Other points Sandywell makes about the origins and potential of lyric culture in-bewteen the archaic and Socratic ages:
[Lyric culture] marks the appearance not only of a distinctive individual voice, but of the idea that the universe unfolds in a play of different ‘perspectives’— that the worlds of human experience are manifold in form and heterogenous in their modes of manifestation.
The older generic constellations of myth and epic narrative are being eclipsed by the ‘desiccating’ light of new poetic principles and practices.
The lyric voice rises like the Pheonix from the eclipsed body of the collective folk-tale and rigidly structured martial epic.
Lyric’s power lies in negating all ideologies, with the exception of the ideology of authentic selfhood.
The choral lyric is an explicitly collective genre… the choral poet ‘composed for others to sing, and these represented not an individual but a society.’
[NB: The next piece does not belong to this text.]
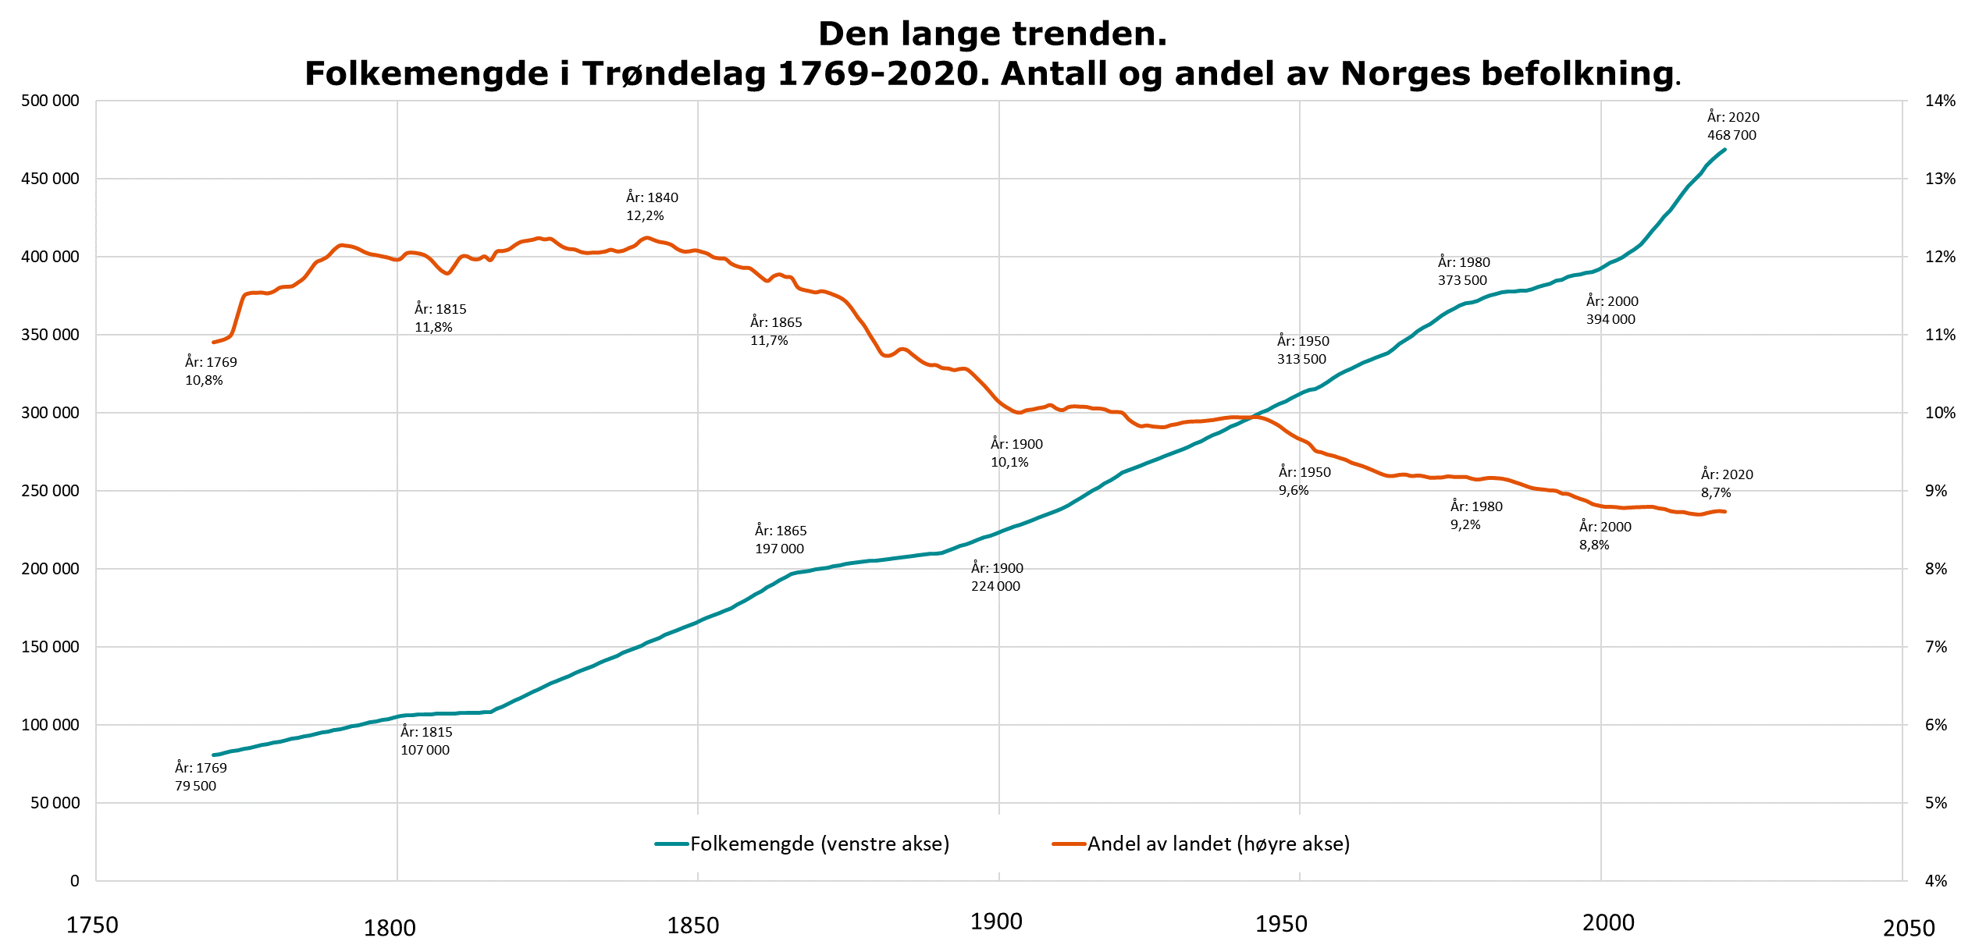 Den lange trenden. Folkemengde i Trøndelag 1769-2020. antall og andel av norges befolkning

The subject— whether composer or reader — does not use the lyric form for expressive purposes; rather lyric form creates new kinds of subjectivity.
In the following 50 pages, Sandywell surveys the different lyrical fragments and their poets through a century of Greek history, mostly pock-marked by strife and war. Lyric culture, Sandy concludes, was a “child of its time; which had all but disappeared by the time of the Persian Wars, with “the last and most powerful inheritor of the tradition of lyrical reflexivity … [being] the Theban poet, Pindar (518-438 BC).”
Lyric reflexivity was an experiment which pushed back against the conceptual assault of the Homeric culture whose virtues were the mimetic replication of universal and eternal values. Against this assault, the lyric voice sang of an adventure in personalized self-reflexivity, which served as a radical intervention against the performative canons of early Greek culture.
Of course we cannot directly trace ourselves from there to here. In the modern era, I definitely see lyric culture in Rilke and Goethe, and today, in the transformative writings of Jan Zwickey, Barry Lopez, Christopher Alexander, and others. A lyrical vernacular has persisted through the ages. It is to these new voices that we will turn in subsequent posts.
As I read this again I'm reminded of Vandana Shiva'a writing of the monoculture of the mind. All I can feel are the boundaries of my TWT. In my 20's I was drawn to the poetry and writing of Rilke. It struck me at a deep level but I could never figure out how to live in a way he was pointing to. It was as if I needed to succumb to the monoculture of the mind and be seduced by TWT all in order to engage in the modern world. So, now I sit in silence wondering about the subtle art of disclosing.
Sorry to hear of your loss of Gypsy Wings.